Stored data |
BEGIN
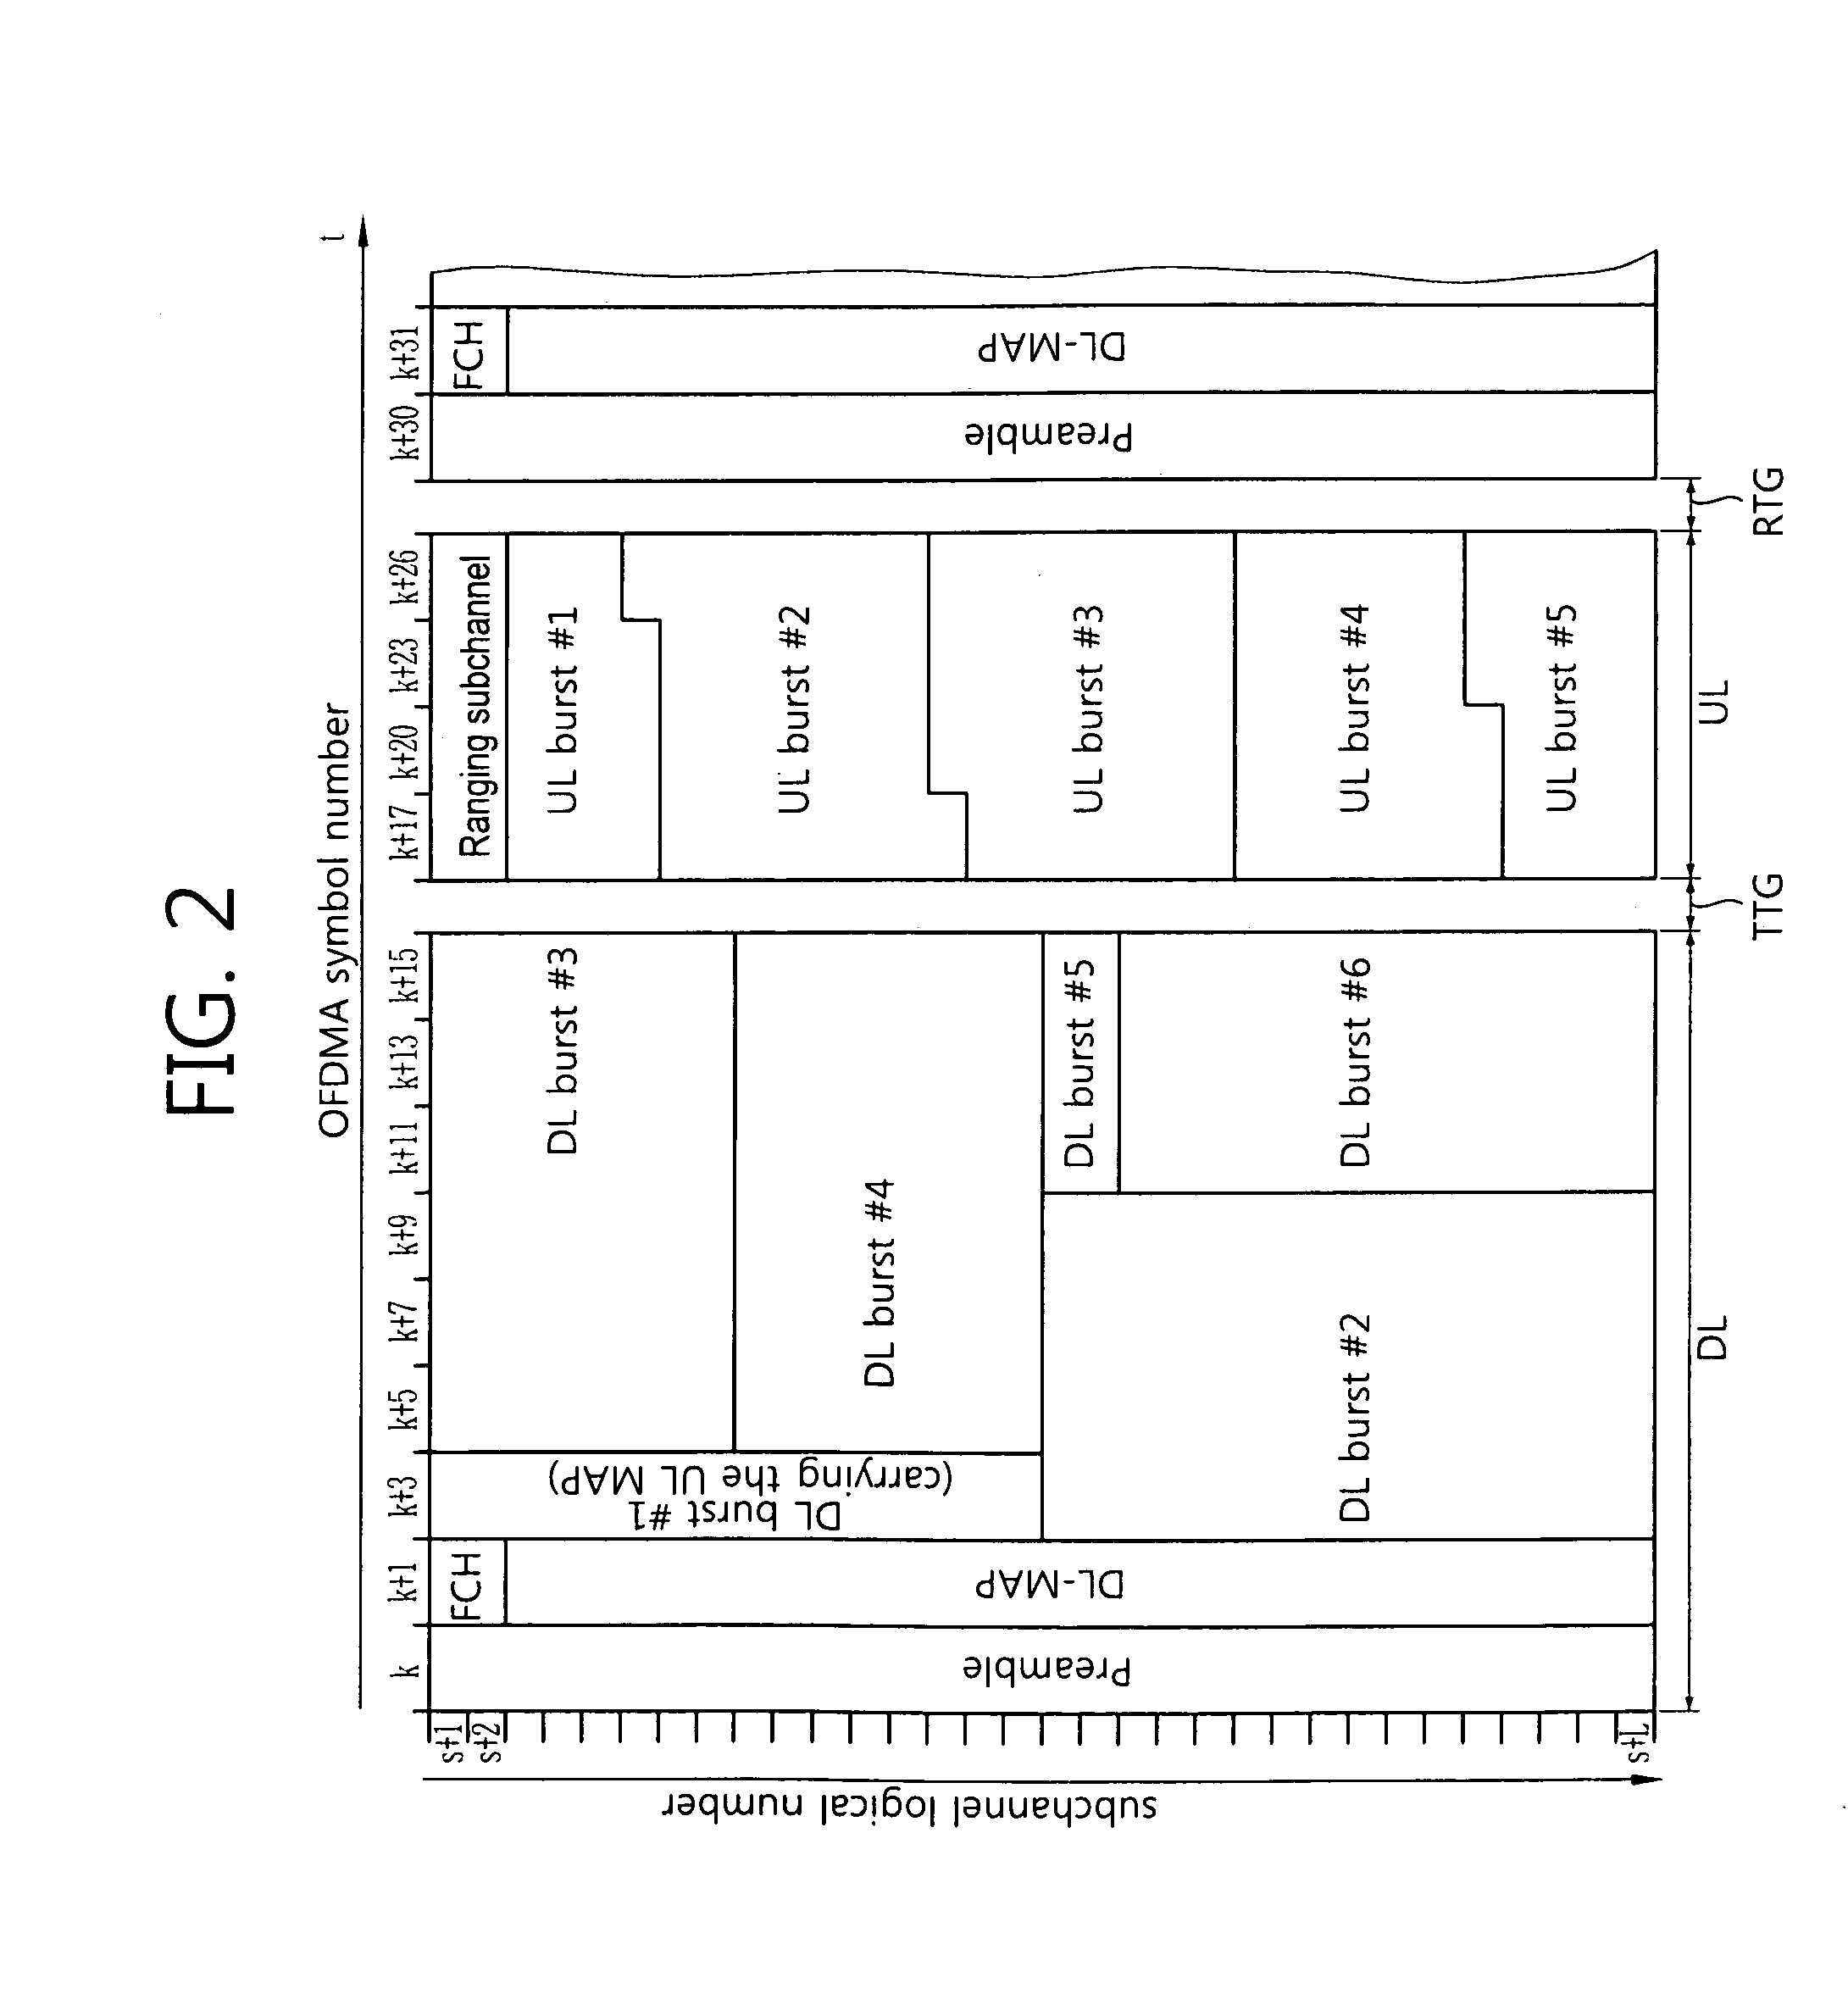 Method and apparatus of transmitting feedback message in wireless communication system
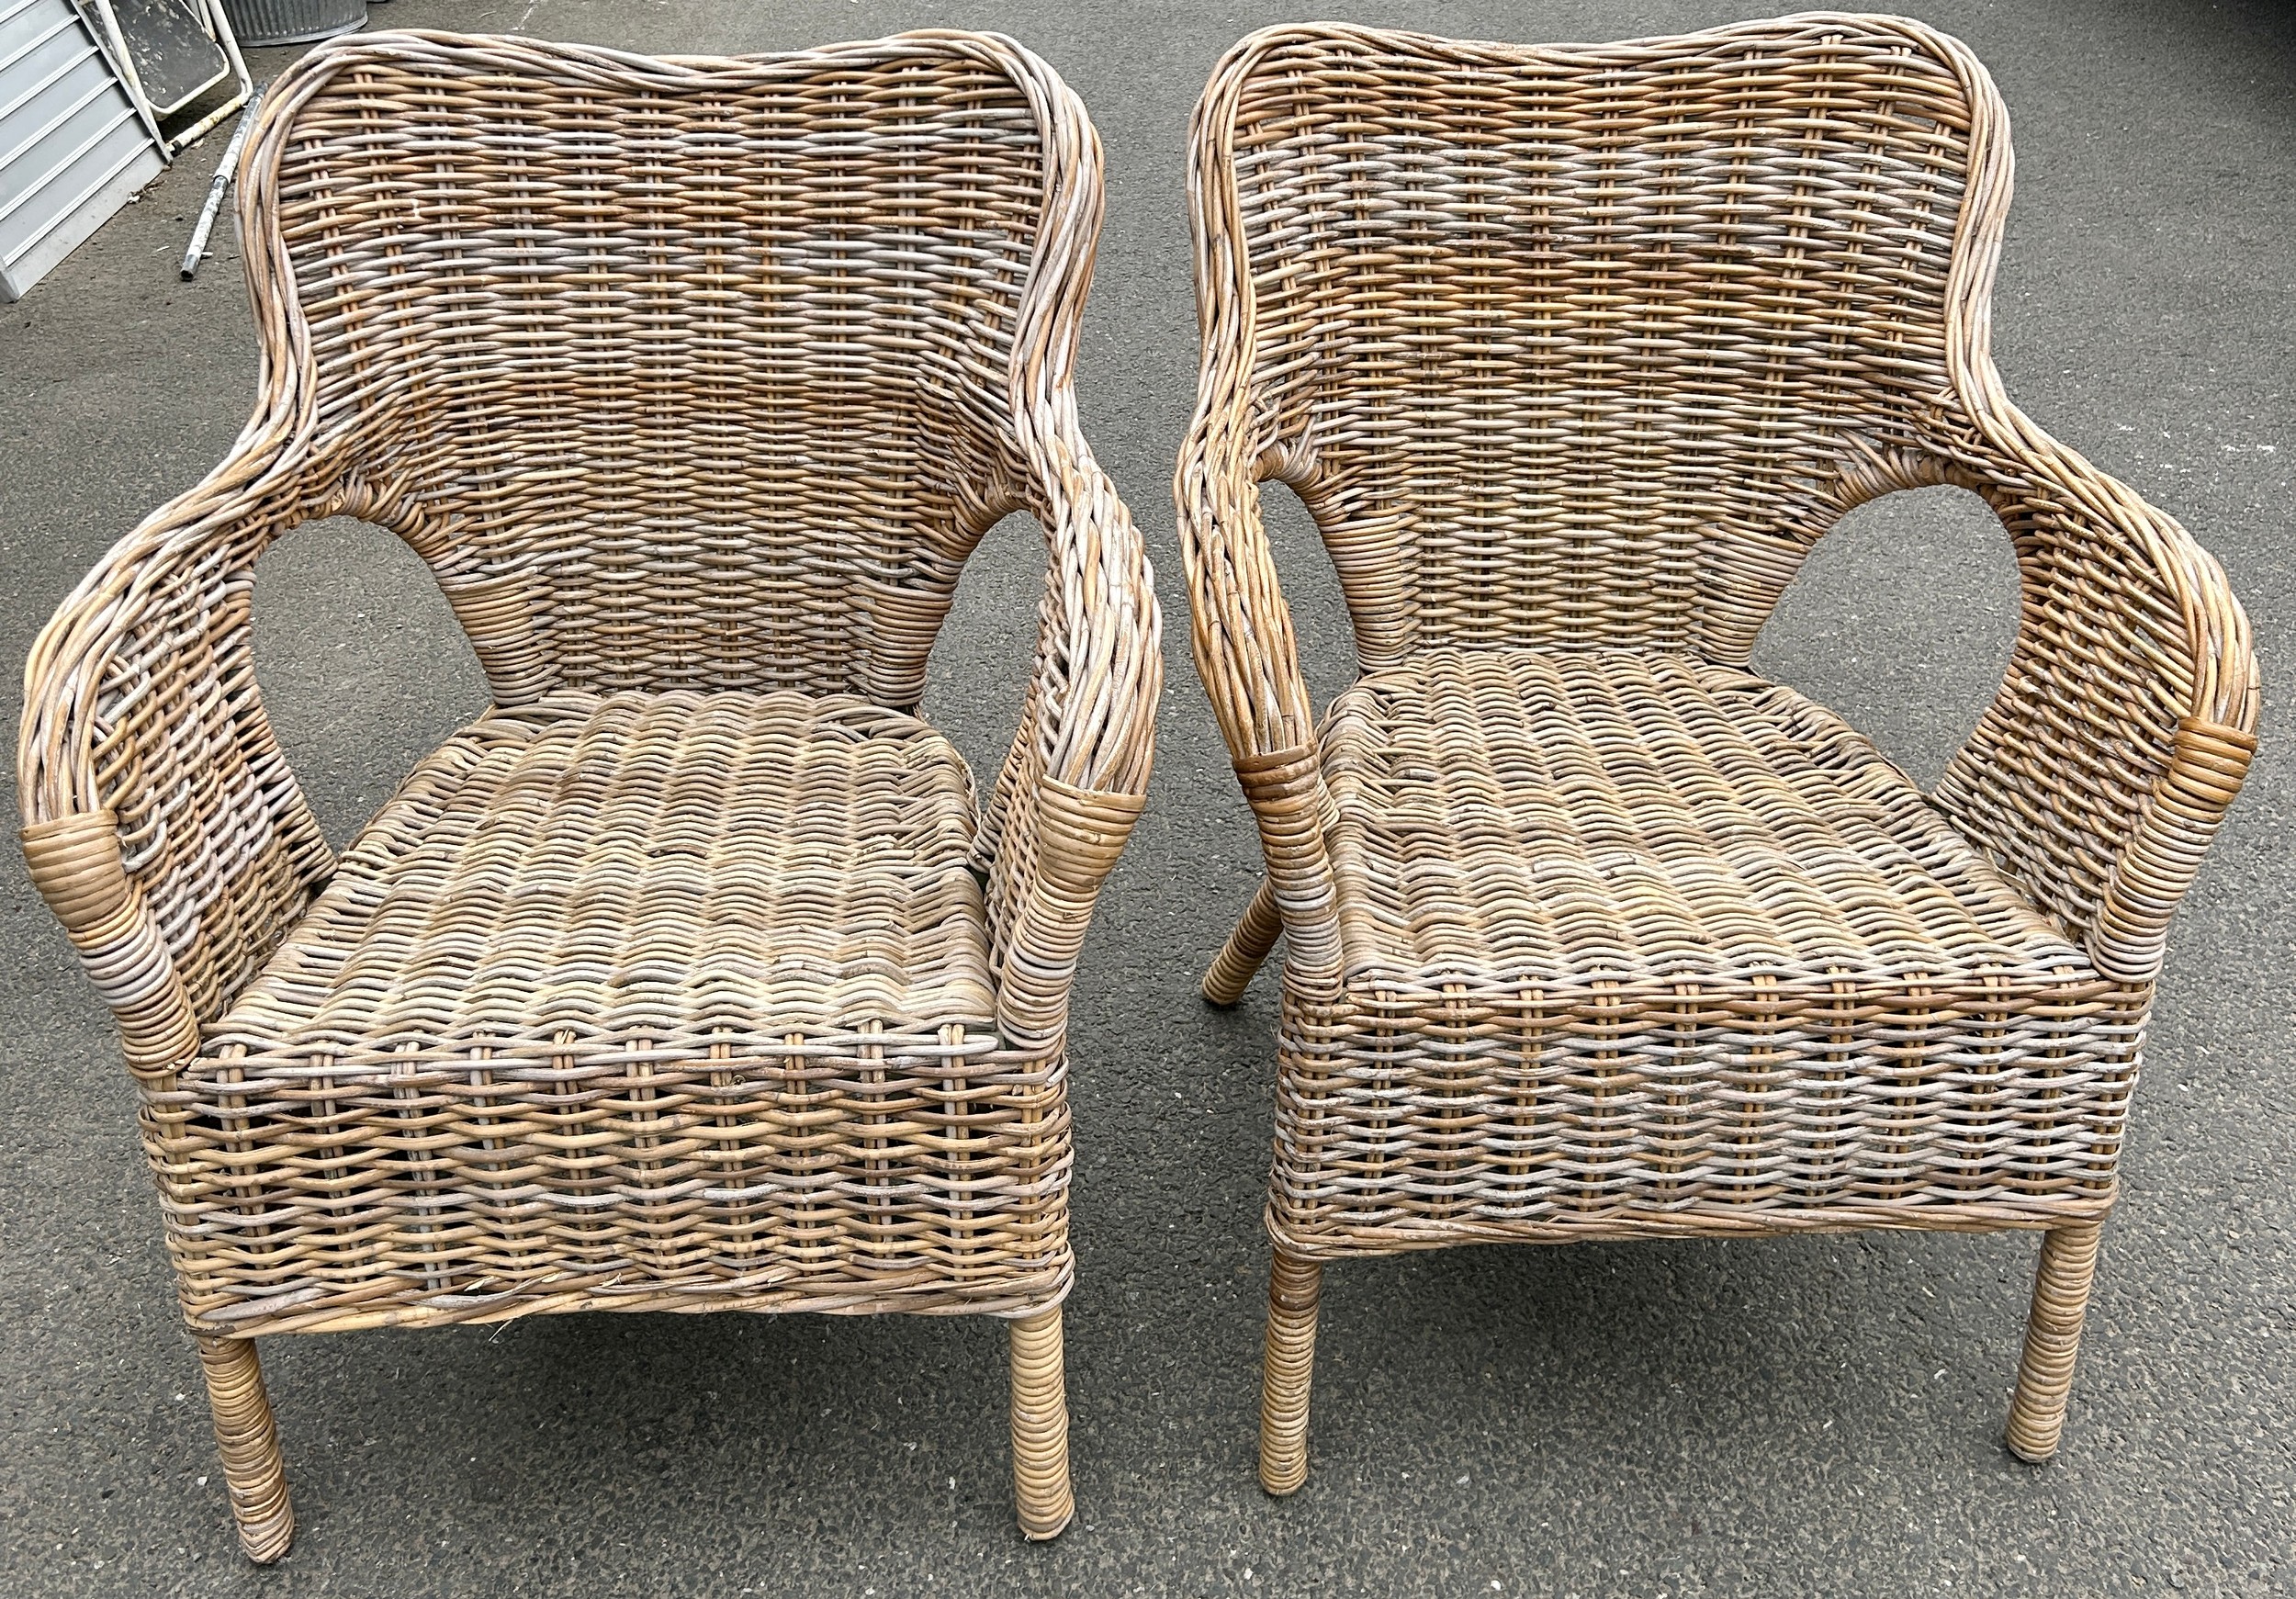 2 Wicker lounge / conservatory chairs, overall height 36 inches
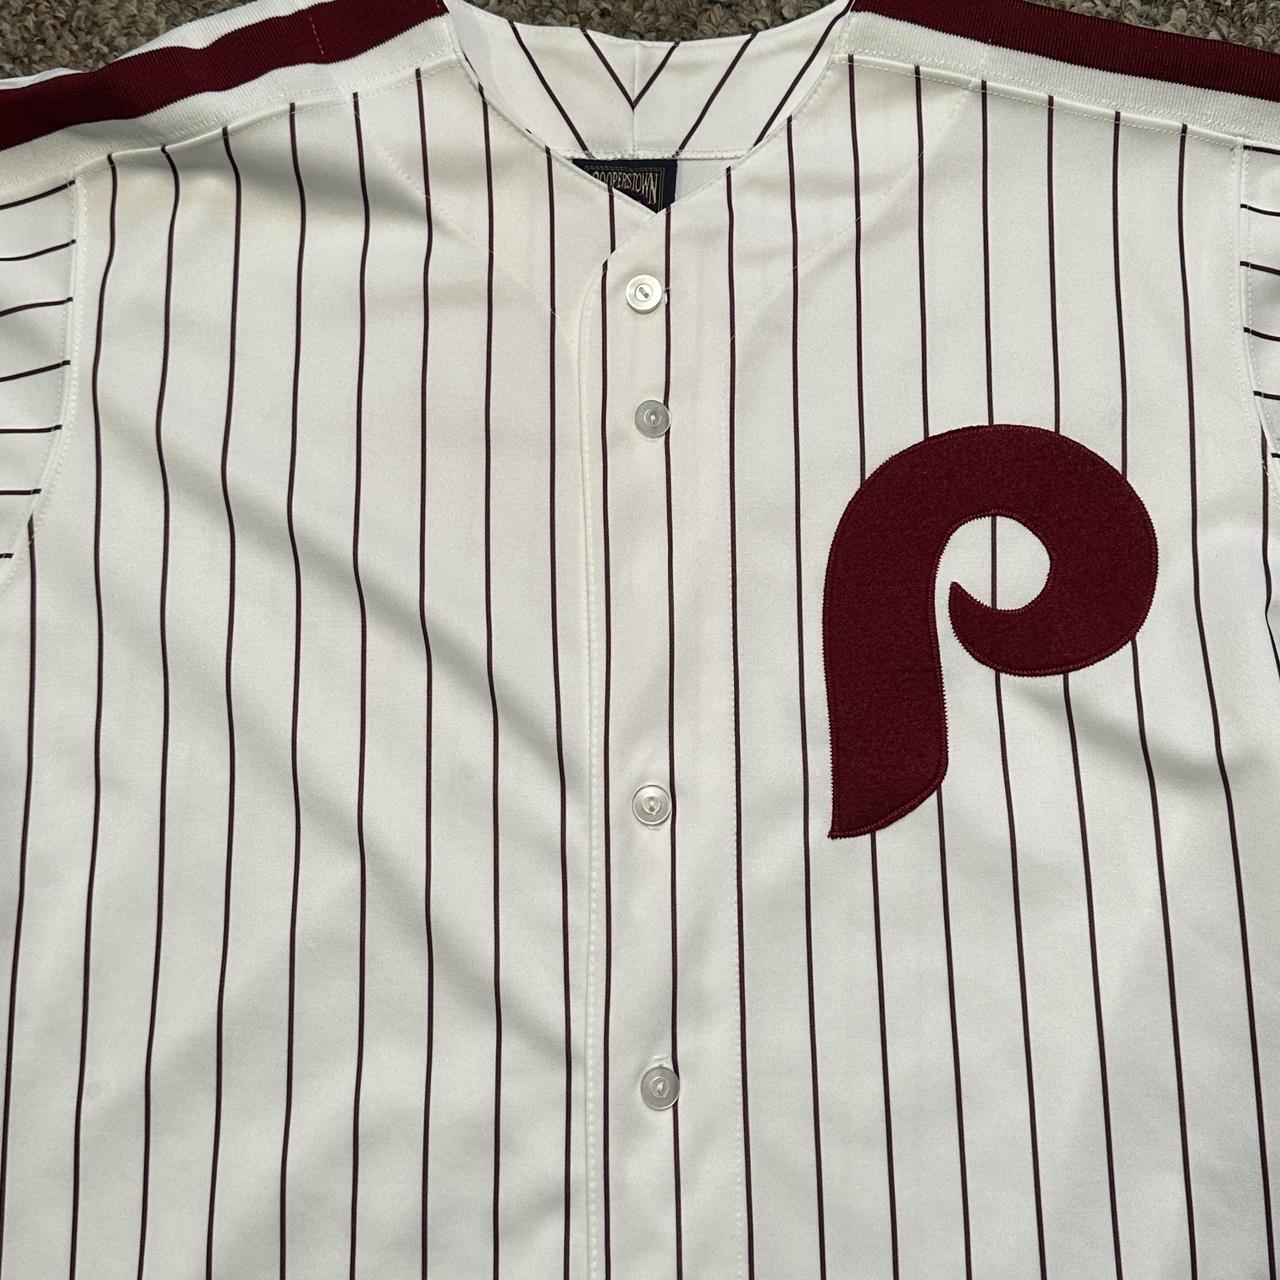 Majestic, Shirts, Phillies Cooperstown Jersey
END
Problem to solve |
Set down the material above exactly as written, but not the pictures.

Your response |
 Method and apparatus of transmitting feedback message in wireless communication system
 2 Wicker lounge / conservatory chairs, overall height 36 inches
 Majestic, Shirts, Phillies Cooperstown Jersey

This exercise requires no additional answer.